The style bot has the same complaint on the existing code on this line (not something you added). I personally think memcmp is an exception. I find it easier to read calls to memcmp and strcmp if there is an "== 0" to mean "==" or "!= 0" to mean "!=" or even "< 0" to mean "<".

r=me as is if we fix the change log before committing, but you could consider using !size1 to make the style bot happy
Comment 12 Michael Saboff 2010-06-29 14:27:49 PDT
Created attachment 60054 [details]
Patch with updated ChangeLog and minor fix.

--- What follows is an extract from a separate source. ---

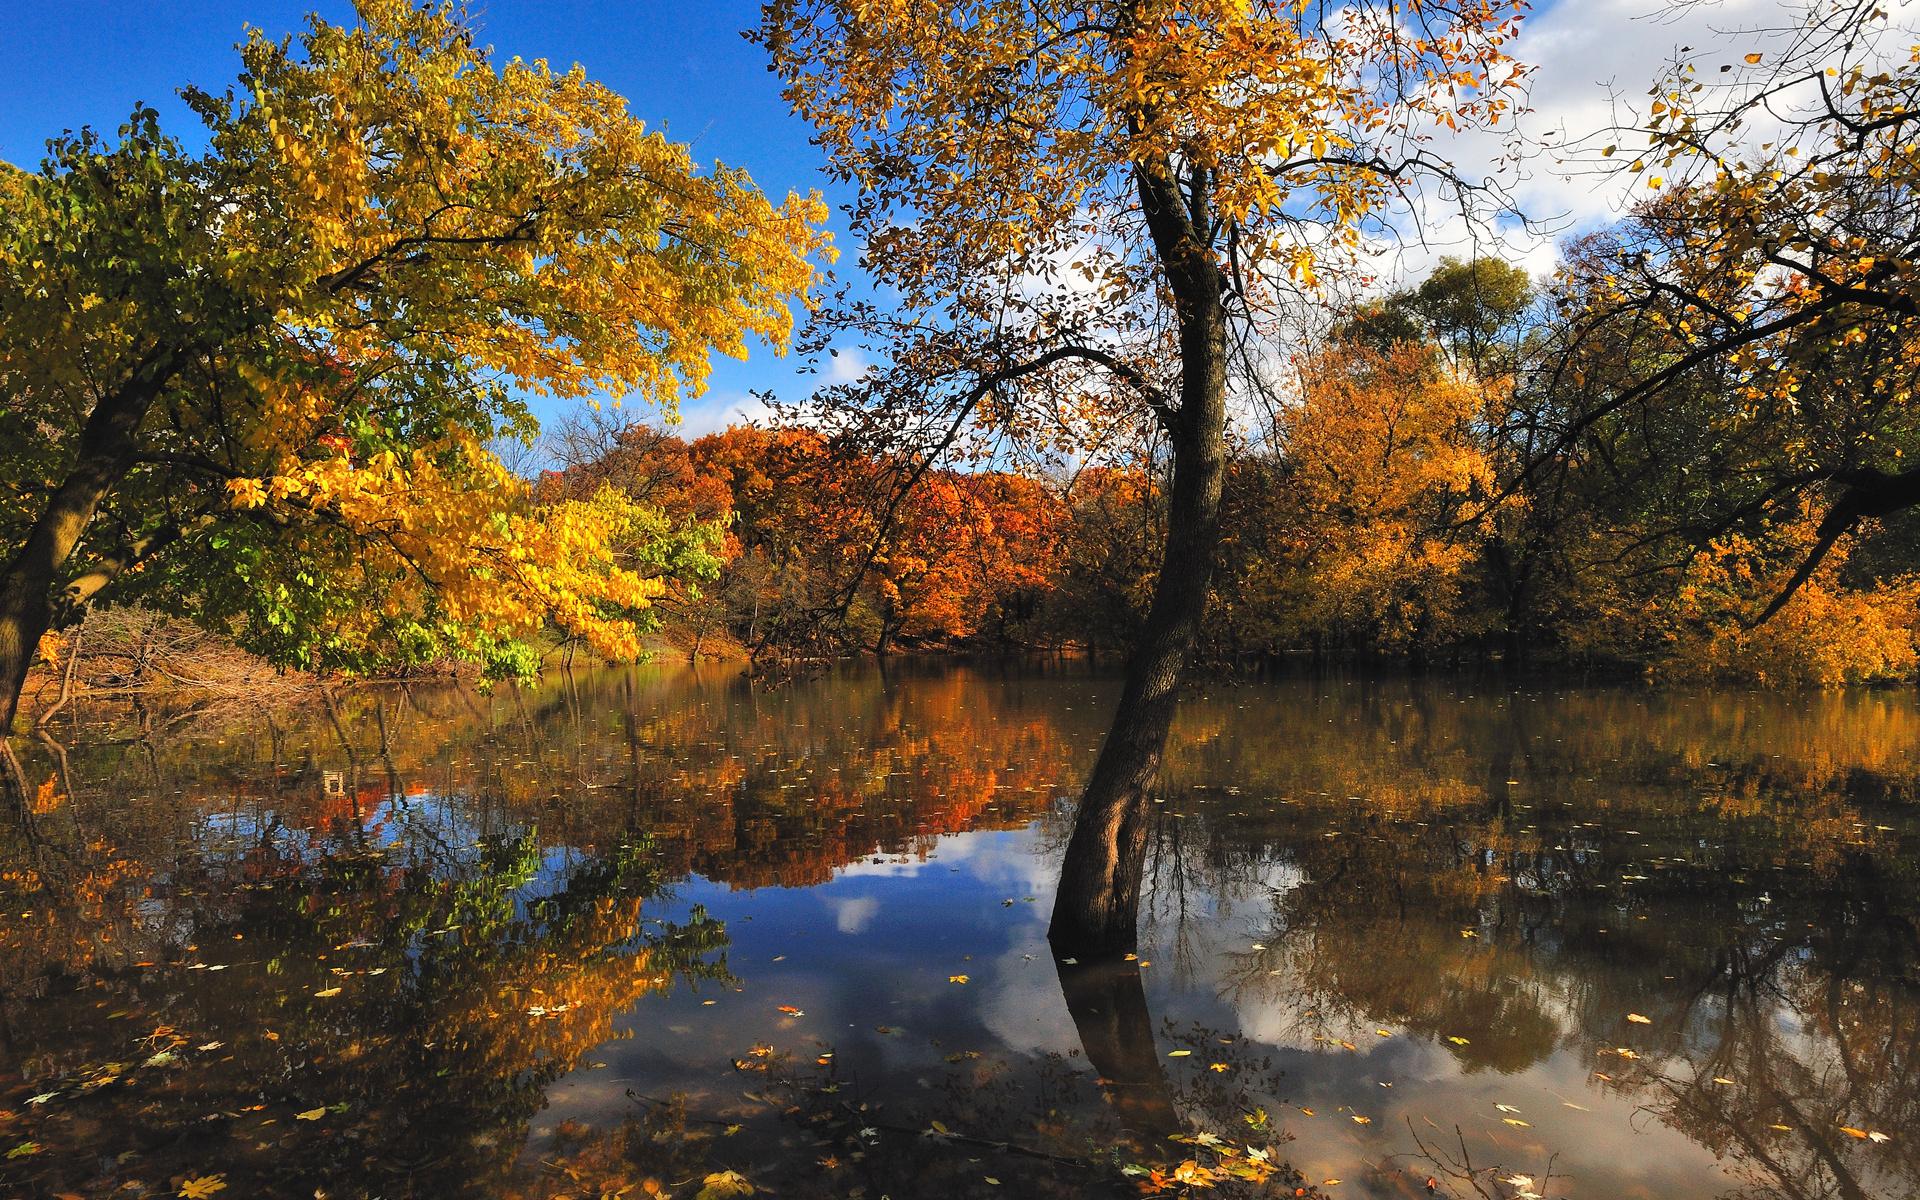 Природа осени фотографии высокого качества
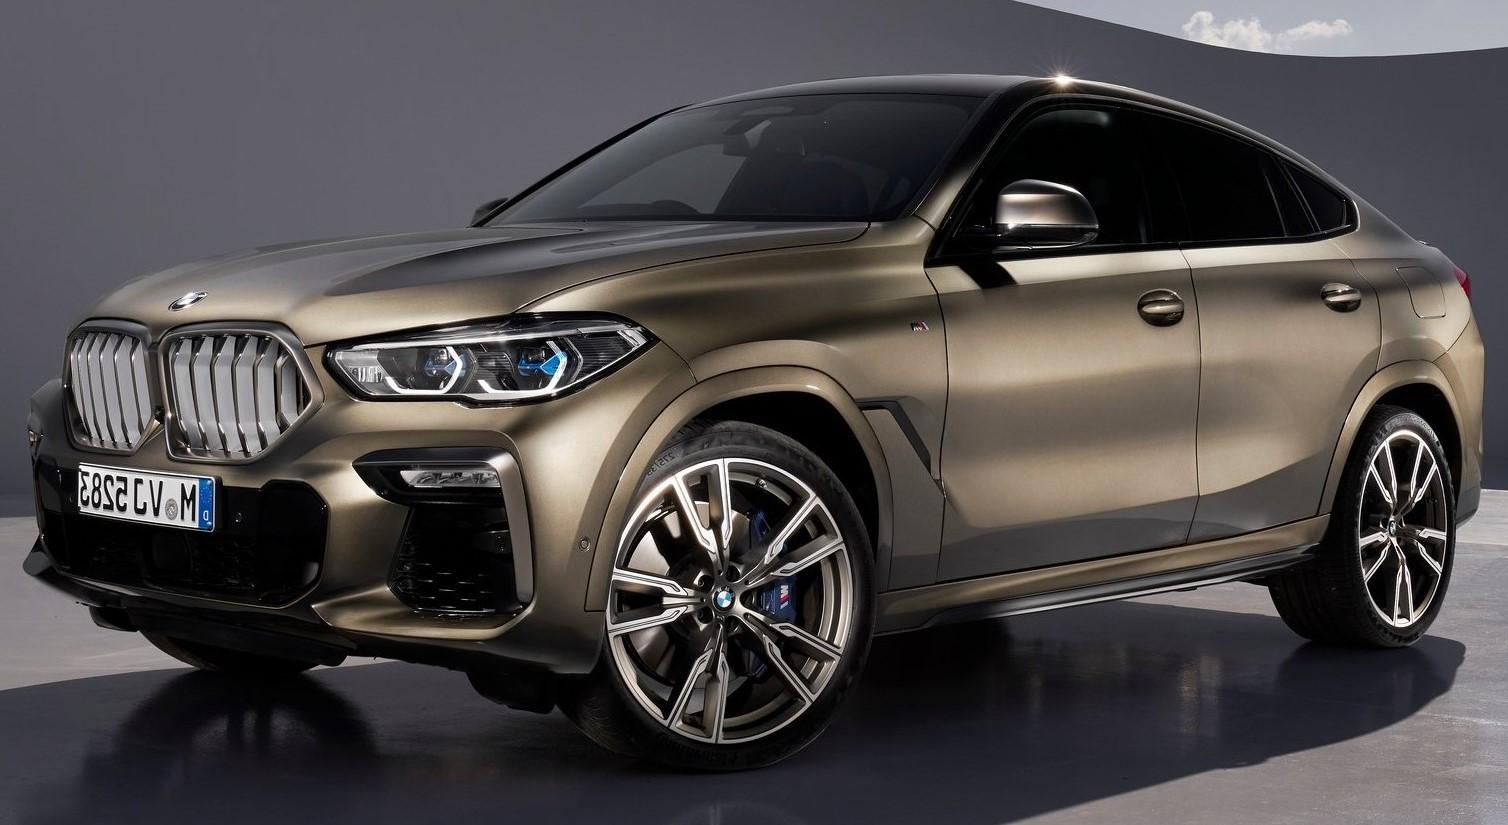 إنطلاق BMW X6 M50i الجديدة كلياً بمحرك V8 بقوة 530 حصان وسعر 2.225 مليون جنيه

ChangeLog and style bot fixes.
Comment 13 WebKit Review Bot 2010-06-29 14:33:46 PDT
Attachment 60054 [details] did not pass style-queue:

Failed to run "['WebKitTools/Scripts/check-webkit-style', '--no-squash']" exit_code: 1
JavaScriptCore/runtime/UString.h:197:  Tests for true/false, null/non-null, and zero/non-zero should all be done without equality comparisons.  [readability/comparison_to_zero] [5]
Total errors found: 1 in 4 files


If any of these errors are false positives, please file a bug against check-webkit-style.
Comment 14 WebKit Commit Bot 2010-06-29 15:01:39 PDT
Comment on attachment 60054 [details]
Patch with updated ChangeLog and minor fix.

Clearing flags on attachment: 60054

Committed r62148: <http://trac.webkit.org/changeset/62148>
Comment 15 WebKit Commit Bot 2010-06-29 15:01:44 PDT
All reviewed patches have been landed.  Closing bug.